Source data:
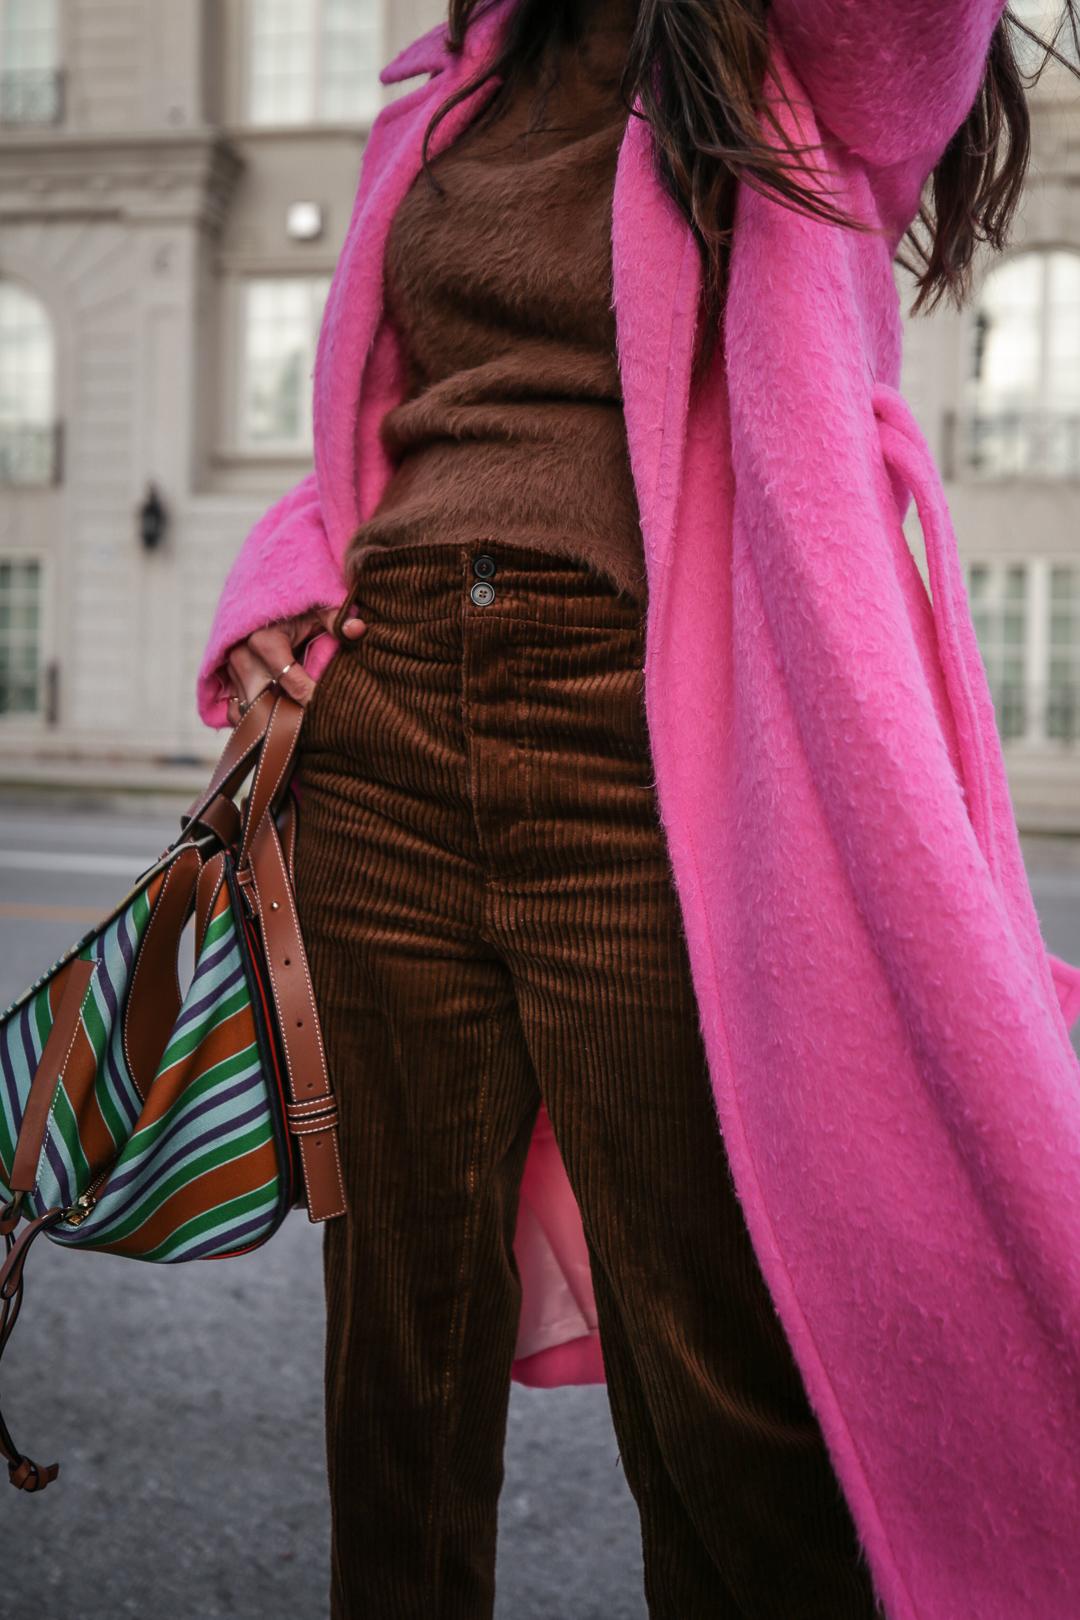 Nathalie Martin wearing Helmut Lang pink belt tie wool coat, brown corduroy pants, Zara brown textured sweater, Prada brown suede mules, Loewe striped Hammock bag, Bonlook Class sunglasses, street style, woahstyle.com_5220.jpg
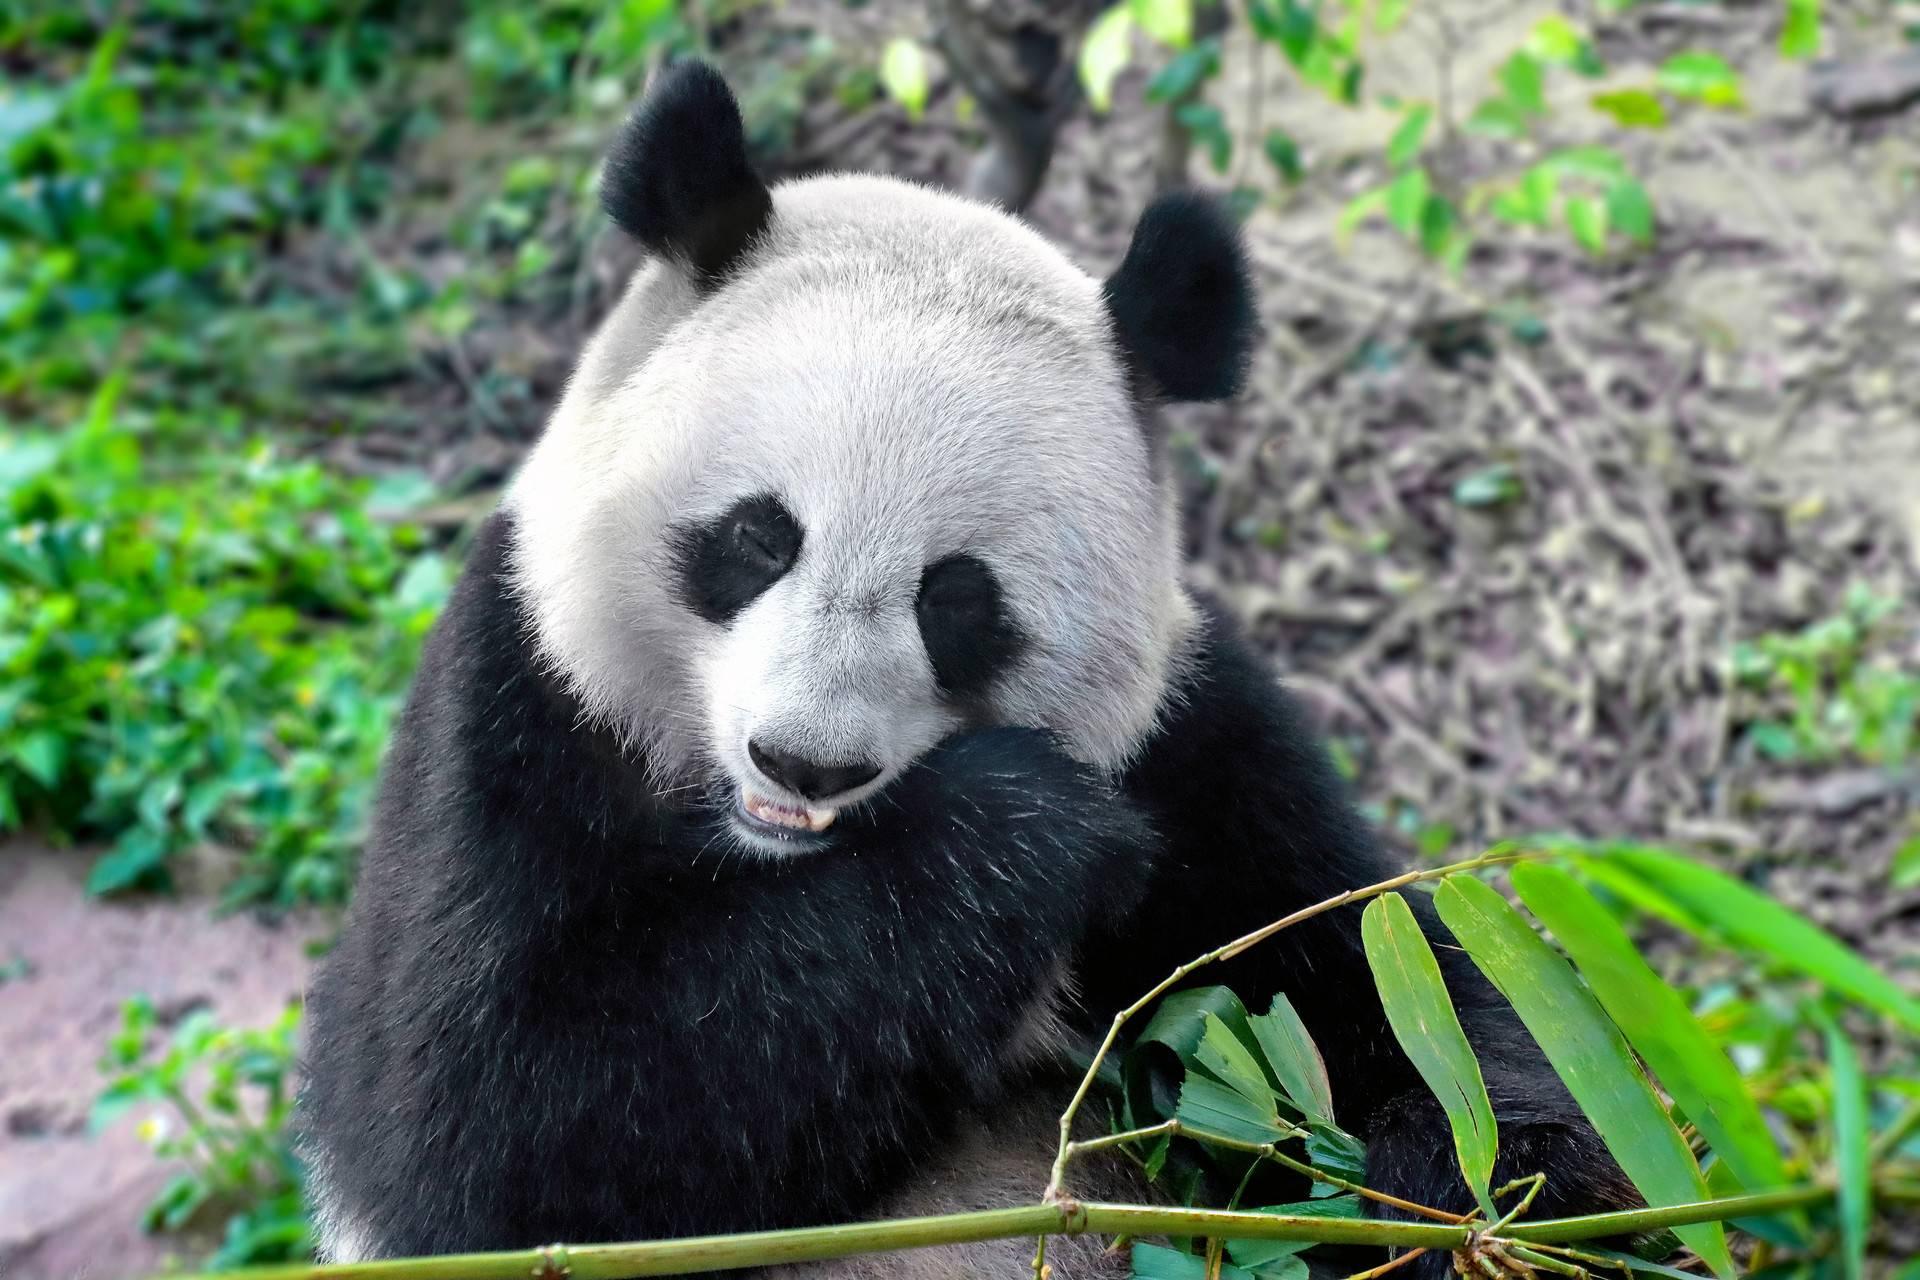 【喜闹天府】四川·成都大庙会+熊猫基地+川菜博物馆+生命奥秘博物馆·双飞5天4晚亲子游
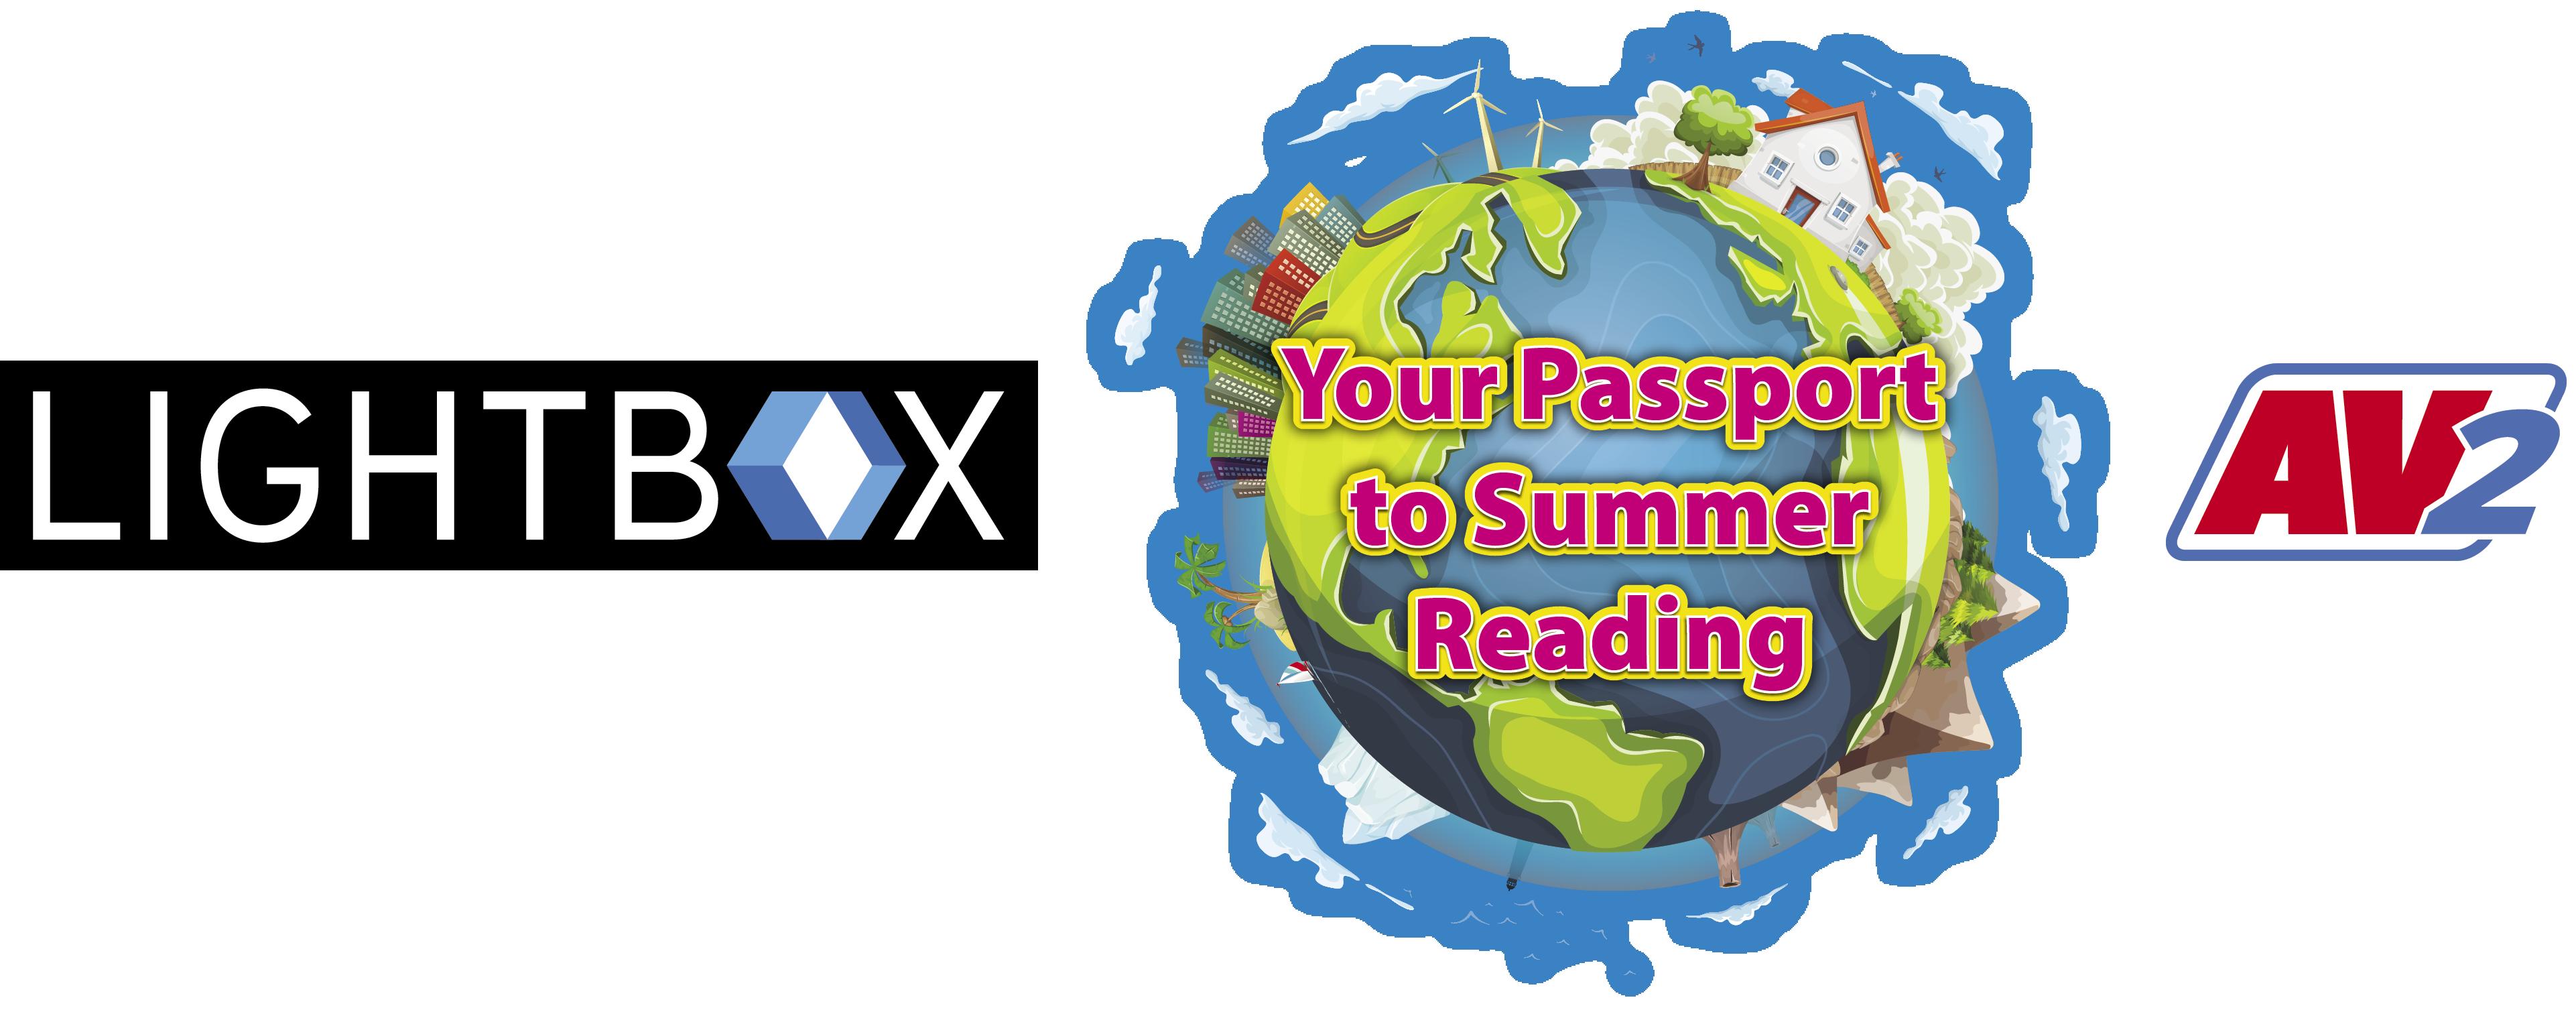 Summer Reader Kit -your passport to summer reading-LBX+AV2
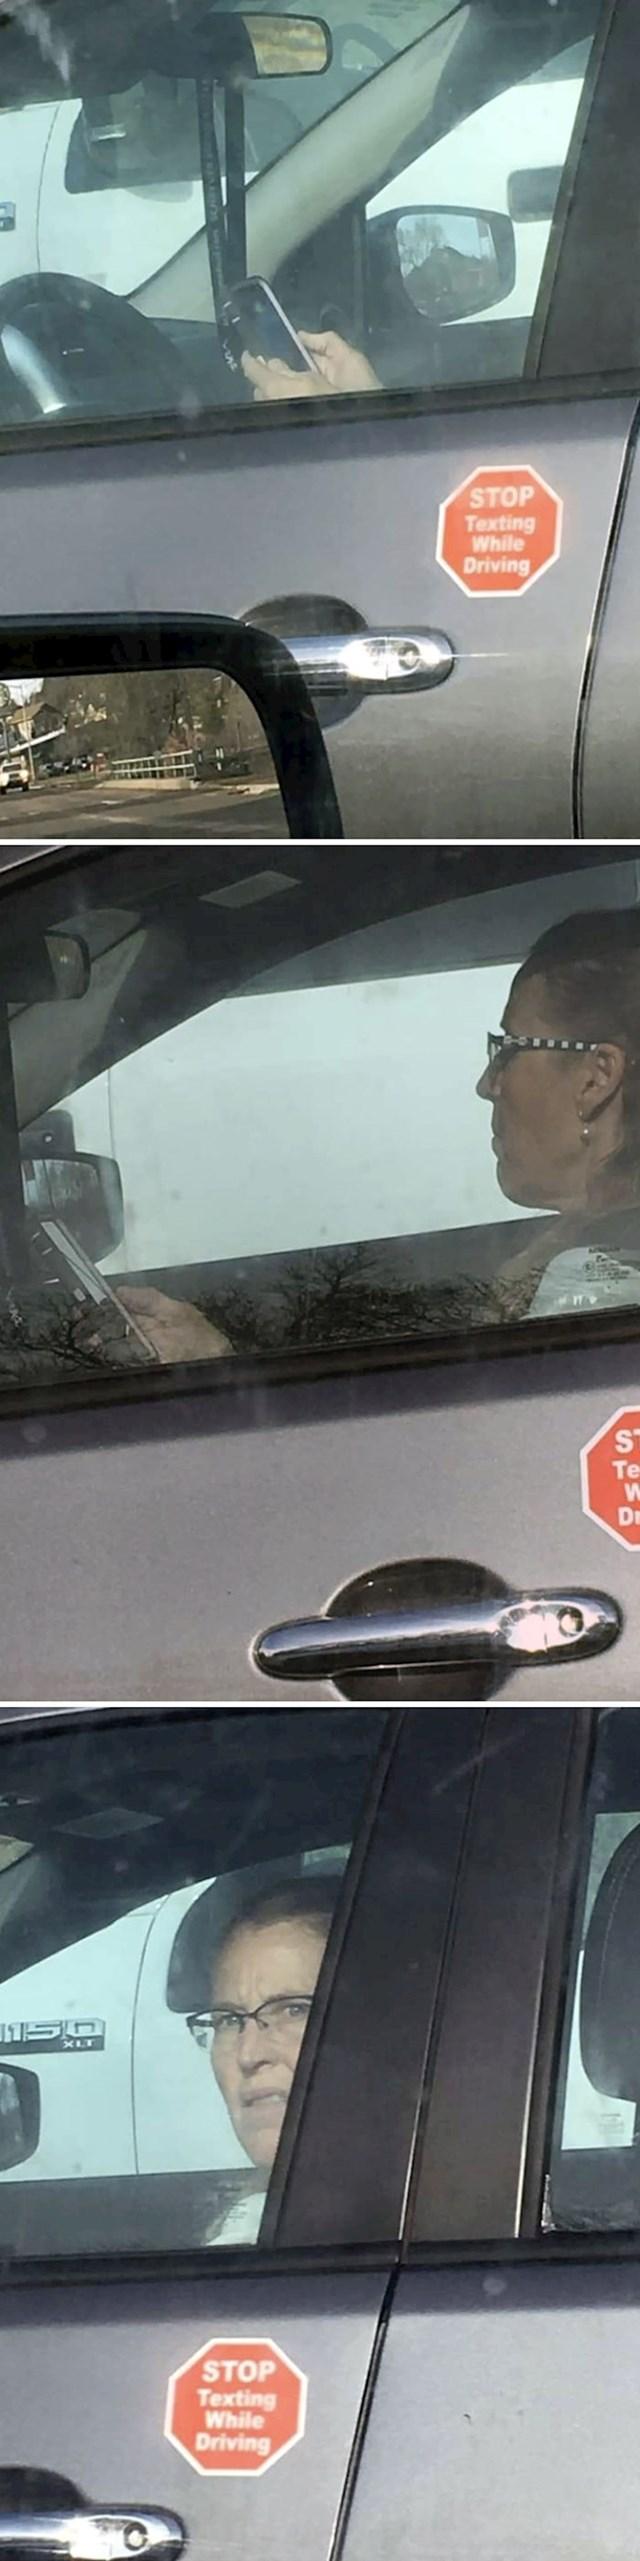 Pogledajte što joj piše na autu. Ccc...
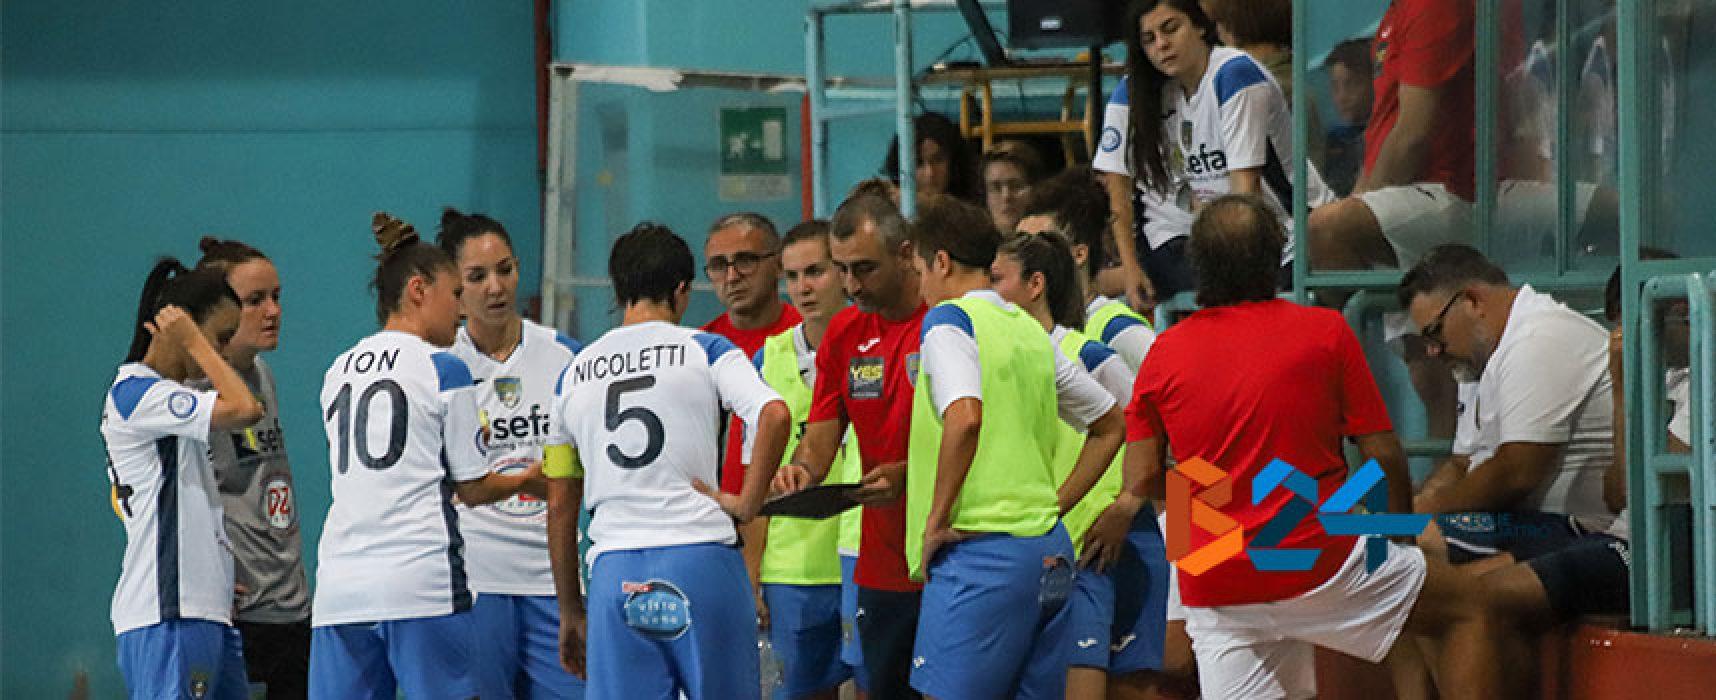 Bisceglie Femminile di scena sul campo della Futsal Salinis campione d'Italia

**Exercise aim**
Transcribe each line above verbatim, with the pictures left out.

**Output**
 Nathalie Martin wearing Helmut Lang pink belt tie wool coat, brown corduroy pants, Zara brown textured sweater, Prada brown suede mules, Loewe striped Hammock bag, Bonlook Class sunglasses, street style, woahstyle.com_5220.jpg
 【喜闹天府】四川·成都大庙会+熊猫基地+川菜博物馆+生命奥秘博物馆·双飞5天4晚亲子游
 Summer Reader Kit -your passport to summer reading-LBX+AV2
 Pogledajte što joj piše na autu. Ccc...
 Bisceglie Femminile di scena sul campo della Futsal Salinis campione d'Italia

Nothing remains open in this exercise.